In deze zaak heeft de Hoge Raad op 30 november 2018 uitspraak gedaan in een cassatieprocedure die voortvloeide uit een geschil tussen het college van burgemeester en wethouders van de gemeente Amersfoort en [Z] B.V. Het geschil betreft de heffing van leges voor de aanleg van een glasvezelnetwerk door belanghebbende. De Hoge Raad heeft prejudiciële vragen gesteld aan het Hof van Justitie van de Europese Unie over de toepasselijkheid van de Dienstenrichtlijn en de uitleg van artikel 13, lid 2 van die richtlijn.
De Hoge Raad oordeelde dat de Dienstenrichtlijn niet van toepassing is op de rechten die verschuldigd zijn voor de aanleg van een elektronisch-communicatienetwerk. Dit oordeel is gebaseerd op de verklaring voor recht van het Hof van Justitie, waarin werd vastgesteld dat de heffing van leges moet worden getoetst aan de Machtigingsrichtlijn in plaats van de Dienstenrichtlijn. De Hoge Raad heeft de eerdere uitspraak van het Gerechtshof vernietigd en het geding verwezen naar het Gerechtshof 's-Hertogenbosch voor verdere behandeling.

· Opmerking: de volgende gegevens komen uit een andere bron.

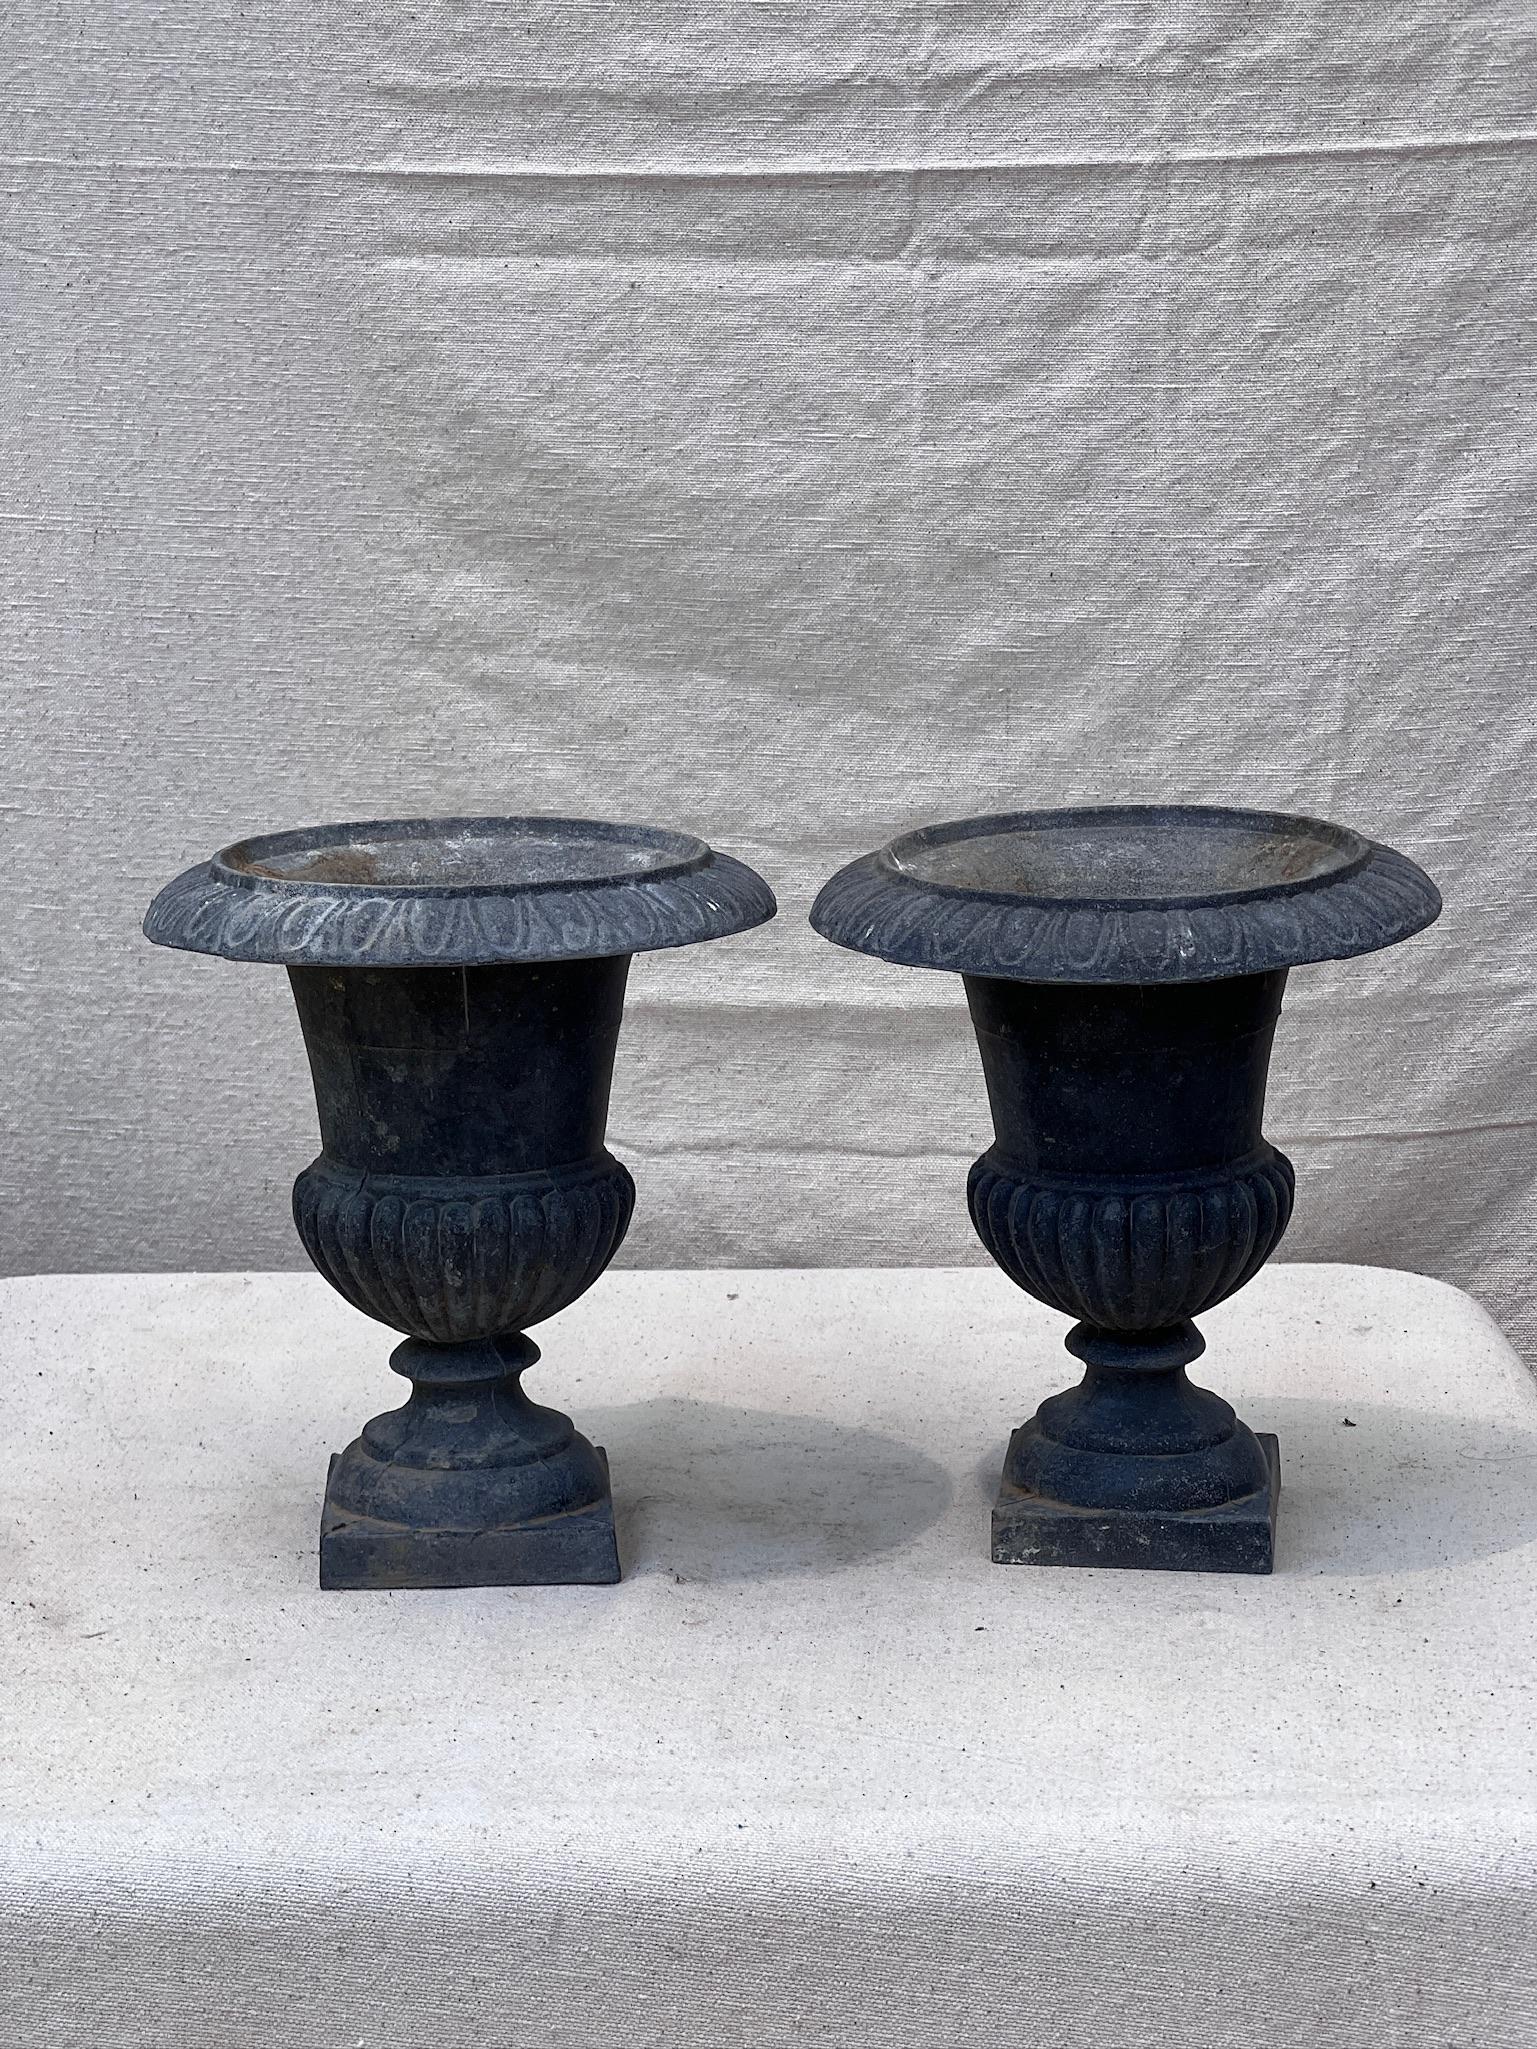 Die beiden eleganten antiken Urnen aus Gusseisen aus dem frühen 20. Jahrhundert stammen aus Frankreich und wurden im anspruchsvollen neoklassizistischen Stil entworfen. Die exquisit gearbeiteten gusseisernen Urnen oder Pflanzgefäße versprühen Charme

De Hoge Raad heeft ook geoordeeld dat de leges die zijn geheven ter zake van de aanleg van het glasvezelnetwerk, moeten voldoen aan de criteria van artikel 13 van de Machtigingsrichtlijn, die onder andere vereisen dat de vergoedingen objectief gerechtvaardigd, transparant en niet-discriminerend zijn. De uitspraak van de Hoge Raad heeft belangrijke implicaties voor de wijze waarop gemeenten leges kunnen heffen voor de aanleg van infrastructuur door private partijen.